Samsung HDDs reach 1TB per platter areal density

Jos

Posts: 3,073   +97
Staff

Samsung has announced a new breakthrough in HDD areal density, pushing up to one terabyte of data per platter in a new line of drives being shown off at this year's CeBIT convention in Hanover, Germany. The company demonstrated a 3.5-inch two-terabyte, two-platter model during the event that will launch as part of its Spinpoint EcoGreen series of drives featuring 5400RPM spindle speeds, 32MB of cache and SATA 6Gbps connectivity.

The achievement will eventually lead to lower cost, high-speed 3TB and 4TB models. But the bump in platter densities isn't just for desktop class drives, as Samsung is also showing 1TB 2.5-inch HDDs for laptops, which integrate two 500GB platters along a 8MB cache and 3Gbps SATA interface. The upshot is that this new drive will be standard-sized for compatibility with most laptops rather than 12.5mm tall as last year's model.

The 1TB notebook drive could debut as early as April, according to reports, while an estimated launch date or price for the newest member of Samsung's Spinpoint EcoGreen (5400 RPM) desktop series remains unknown.

Permalink to story.

 
yeeeeeeeeeeeeessssss. Now my dream would be half height one platter 7200RPM 1TB drives like they had in the older days (the half height drives, not the 1 TB drives). Talk about drive density while having less data at risk per drive. The 2.5" 1TB is nice too, but a halfheight 3.5" would be faster. =3
 
dcrosenthal said:
I agree... Wonder when SDD will ever go down...

They will, but while we have the "more speed" hysteria it will go soooooo slow, i had been happy since they got to 200MB/S since its not only the read/write speed increase, but also the huge improve in those time seeks and not less important the noise elimination!. Even if they had a 50MB read/write speed like most of the standard HDD's its a huge improvement on time seeks and the "lag" when you are multi reading/writing or when Windows decides to do who knows what in the background (specially when you are playing >.>), so yeah it sux to have to wait >:\
 
Wasn't it just a few months ago that Western Digital reached 500GBs per platter? We could see a comeback for HDDs in general.
 
It's something to keep us going while SSDs improve. :)

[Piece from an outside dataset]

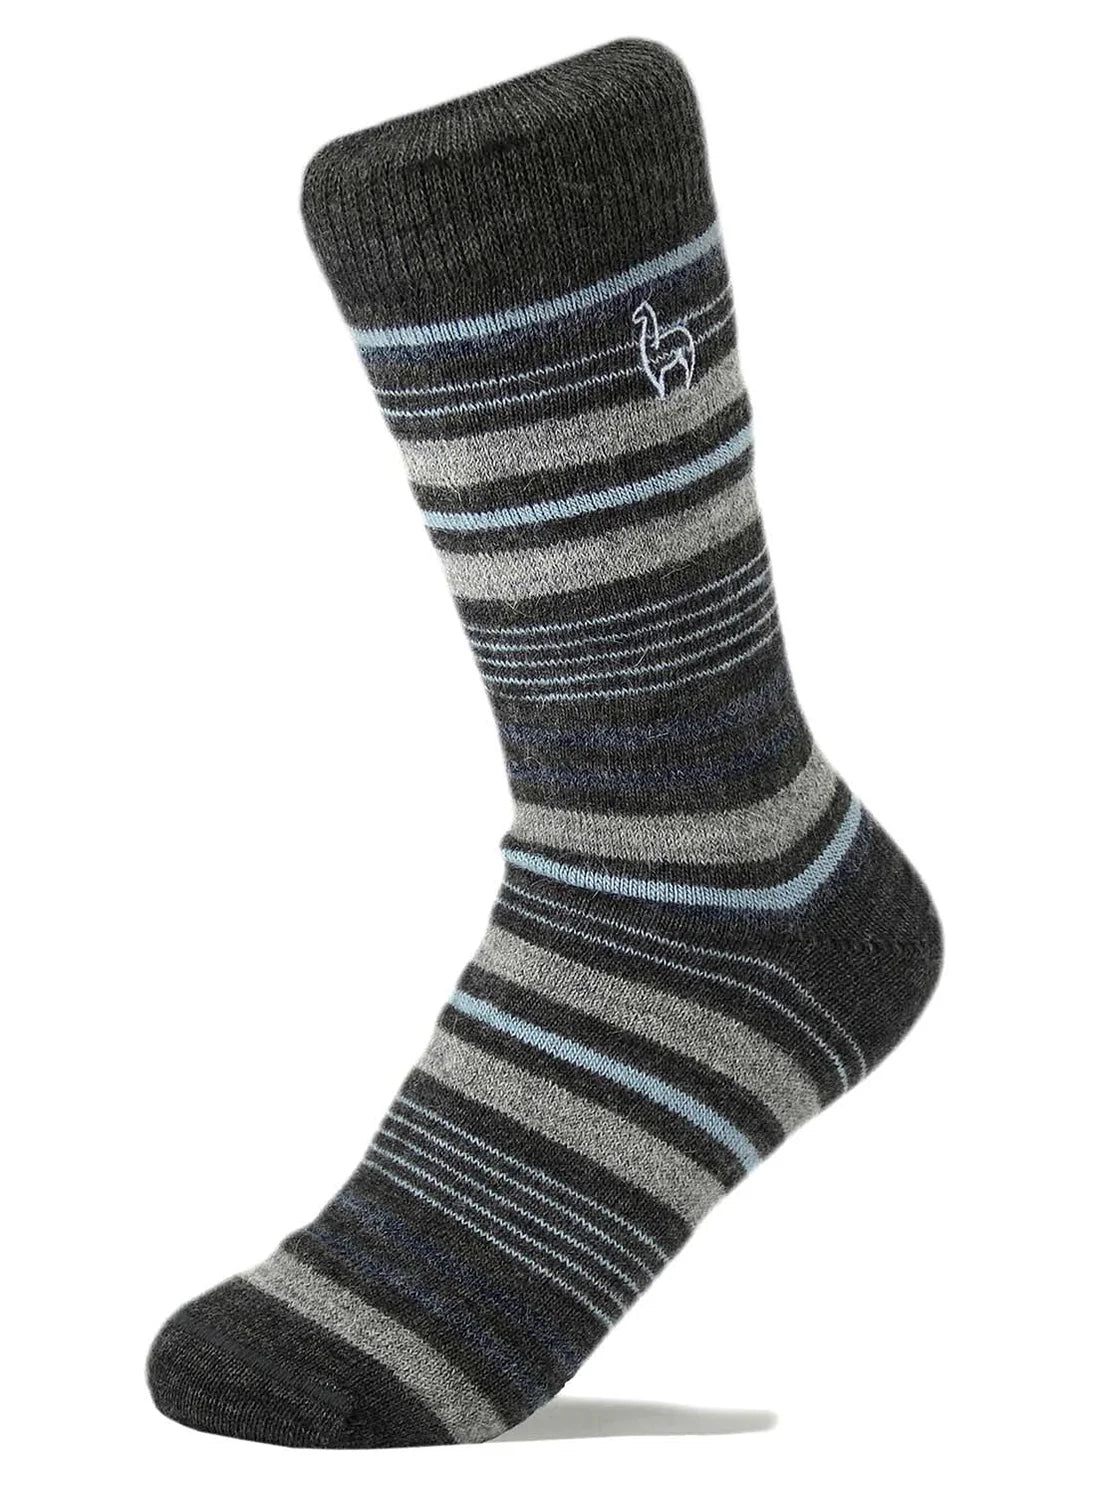 Alpaca Striped Socks

I think they complement them very well even when you do have one.

I've just invested in a Samsung Spinpoint F4, 2TB to use for media storage. I haven't actually made any effort to record transfer speeds whilst in use, but it seems very impressive so far. I'll definitely be ordering a couple more once I have another SSD to use for Linux. Even for those of us with an SSD, we still need big disks for file storage - the traditionally smaller sizes due to cost mean you need somewhere else to store your data, and even apps in some cases.


Wasn't it just a few months ago that Western Digital reached 500GBs per platter? We could see a comeback for HDDs in general.

Mechanical disks are here for a few years to come yet. With the way media is ever increasing (and files sizes along with it), there isn't going to be a more cost effective solution for multi-terabyte storage for the forseeable future.

SSD's are more performance or enthusiast/gaming orientated, besides losing the moving parts (thus making them silent) they have no use in the average users computer, where the additional speed goes to waste - I paid £59 delivered for my 2TB Samsung SpinPoint F4 a week or so ago, whereas the SSD I was considering (OCZ Vertex 2E) cost £130 ish for only 90GB.

With those prices it has no comeback to make, it hasn't gone anywhere in the first place!